[Pacemaker] Centos 70->71 update fails with "Application of an update diff failed (rc=-206)"

Discussion:

Patrick Zwahlen

2015-04-24 15:09:53 UTC

Hi,

I'm running a CentOS 7.0 2-nodes cluster providing iSCSI/SAN features. In order to upgrade to CentOS 7.1, I'm testing the whole process in VMs and it fails. I've now stripped my config down to a pair of DRBD MS with IPADDR2 (cluster.cfg) attached.

From a running cluster, here are the steps (I'm upgrading node san2):
- put node san2 in standby
- stop/disable pacemaker on san2
- stop/disable corosync on san2
- update san2 to CentOS 7.1 (pacemaker 1.1.10-32.el7_0.1 -> 1.1.12-22.el7_1.1)
- reboot san2
- enable/start corosync on san2. It looks good, rings are fine in "corosync-cfgtool-s")
- enable/start pacemaker on san2

I can see the following in the logs:

/var/log/messages (attached, line #57)
=================
Apr 24 16:18:26 san2 crmd[11759]: notice: erase_xpath_callback: Deletion of "//node_state[@uname='san2.local']/transient_attributes": Application of an update diff failed (rc=-206)

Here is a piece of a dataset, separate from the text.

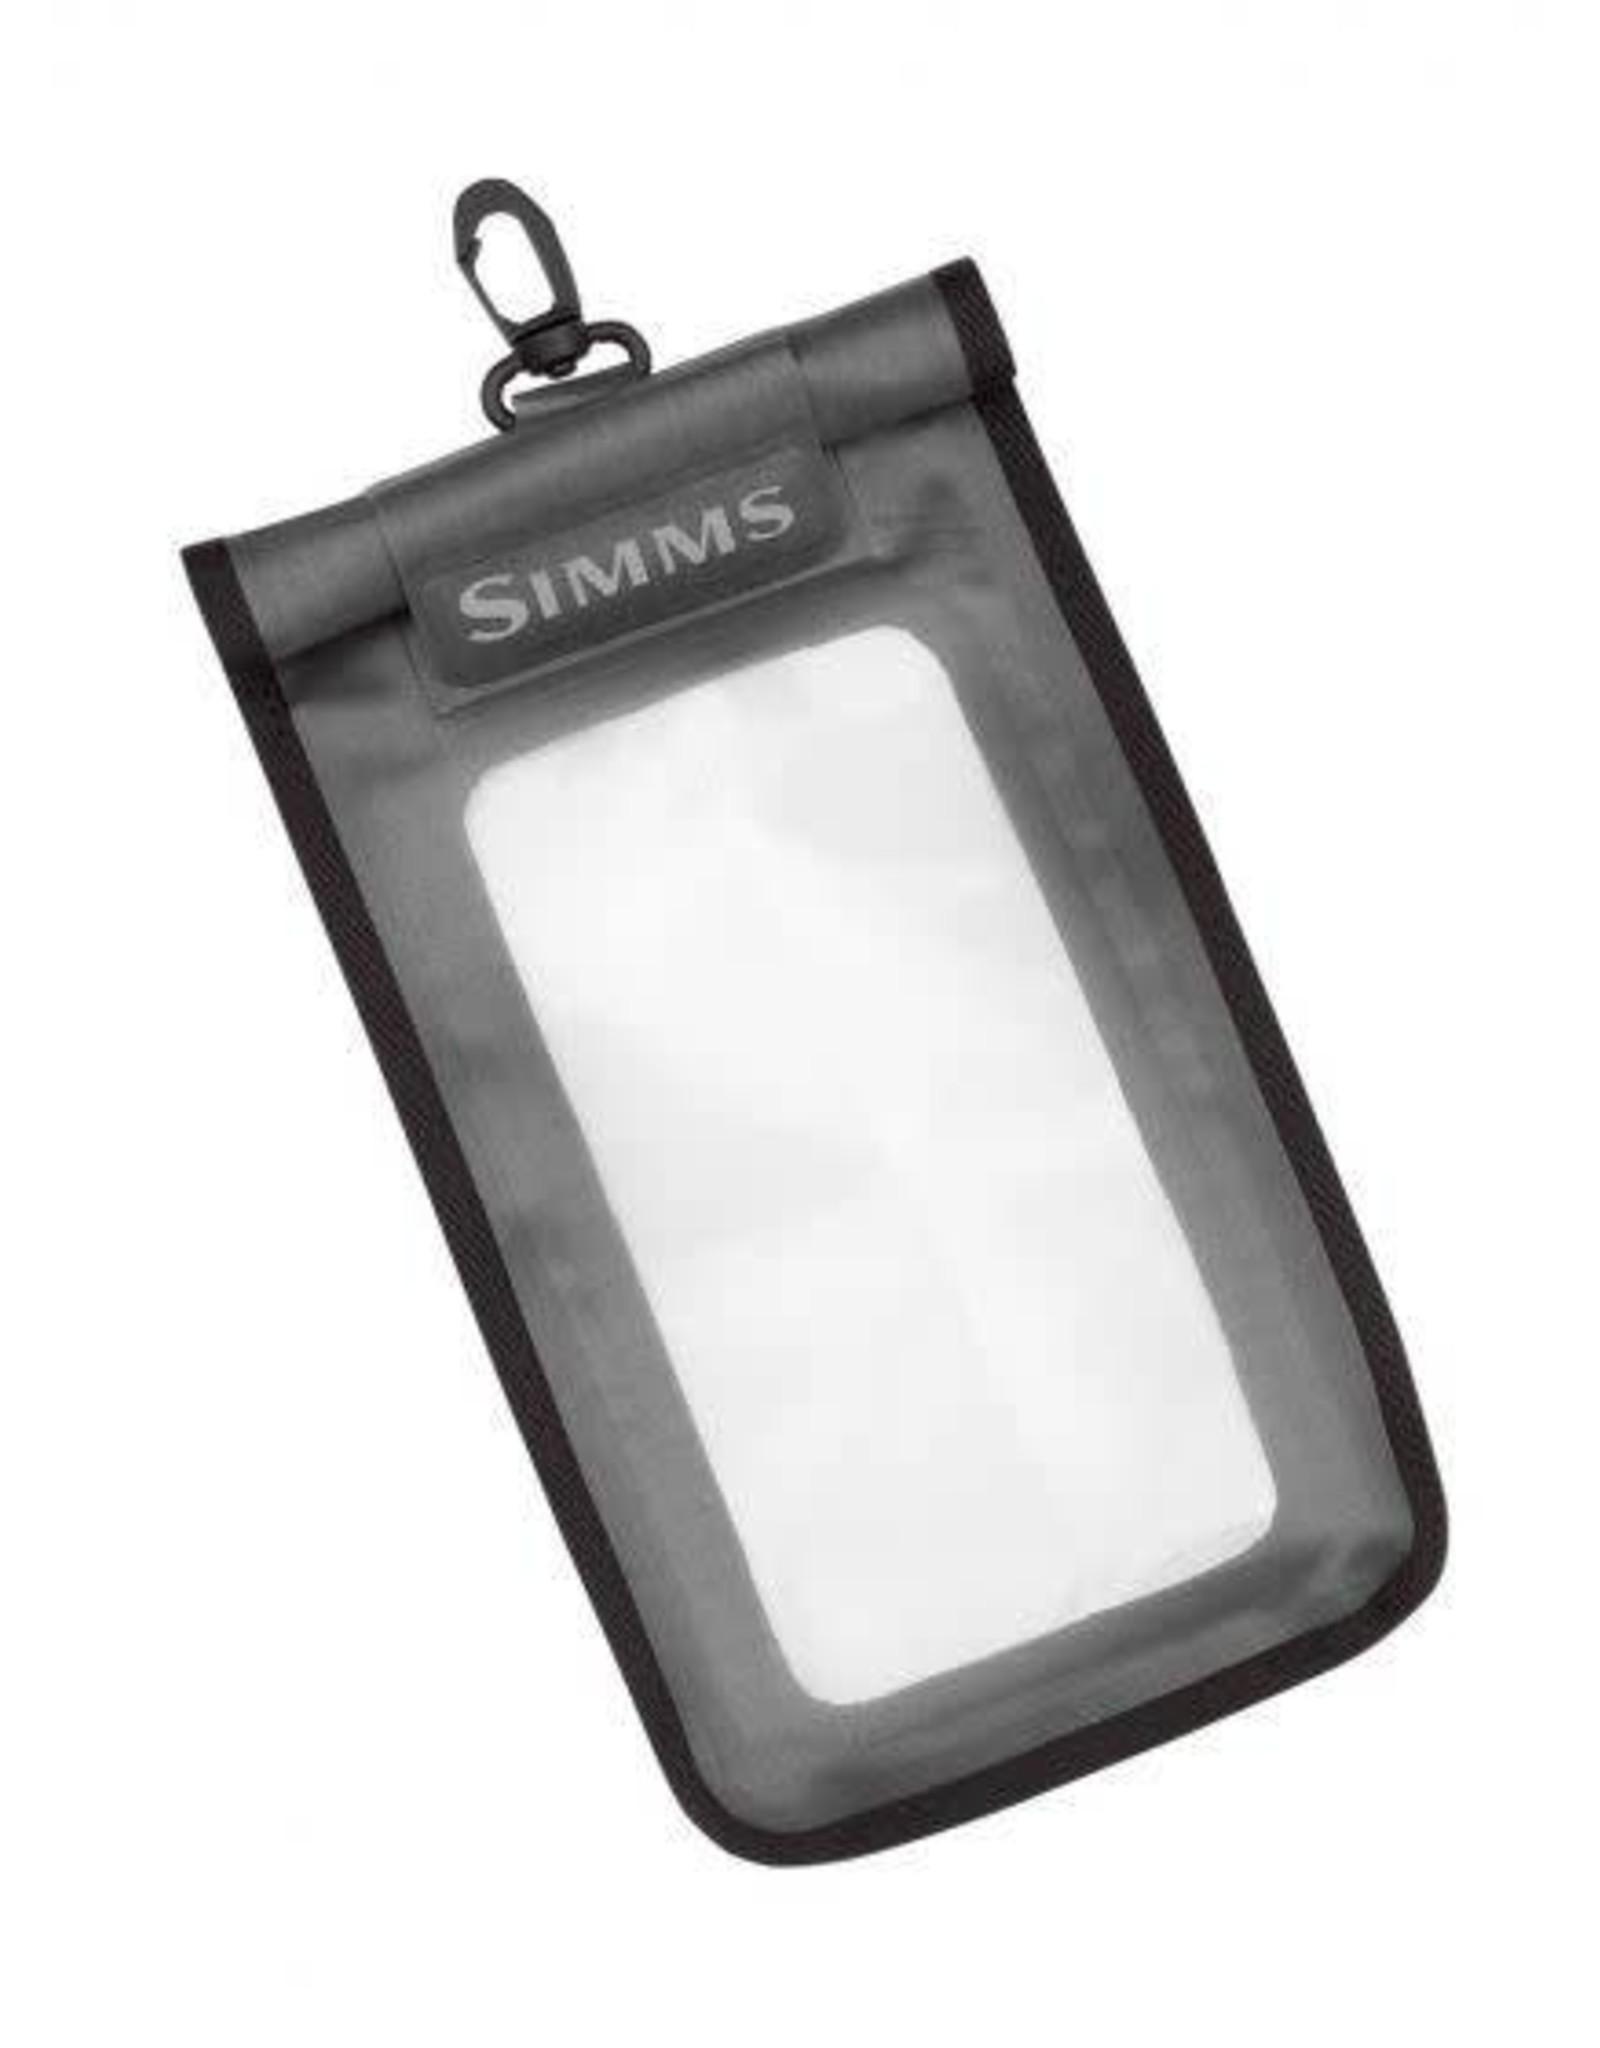 Simms Simms WaterProof Tech Pouch - Gunmental - Large

/var/log/pacemaker.log (attached, starting from line #292)
======================
Apr 24 16:18:26 [11754] san2.local cib: info: xml_apply_patchset: v1 digest mis-match: expected 428c0eb4cd80a4c1ee19b627f6876abd, calculated ffb5456991bd4ed9e5a7774f49e8259d
Apr 24 16:18:26 [11754] san2.local cib: info: __xml_diff_object: Moved ***@id (0 -> 6)
Apr 24 16:18:26 [11754] san2.local cib: info: __xml_diff_object: Moved ***@uname (1 -> 0)
Apr 24 16:18:26 [11759] san2.local crmd: notice: erase_xpath_callback: Deletion of "//node_state[@uname='san2.local']/transient_attributes": Application of an update diff failed (rc=-206)
Apr 24 16:18:26 [11754] san2.local cib: info: send_sync_request: Requesting re-sync from peer
Apr 24 16:18:26 [11754] san2.local cib: notice: cib_server_process_diff: Not applying diff 0.0.14 -> 0.46.15 (sync in progress)
Apr 24 16:18:26 [11754] san2.local cib: notice: cib_server_process_diff: Not applying diff 0.0.15 -> 0.46.16 (sync in progress)
Apr 24 16:18:26 [11754] san2.local cib: notice: cib_server_process_diff: Not applying diff 0.0.16 -> 0.46.17 (sync in progress)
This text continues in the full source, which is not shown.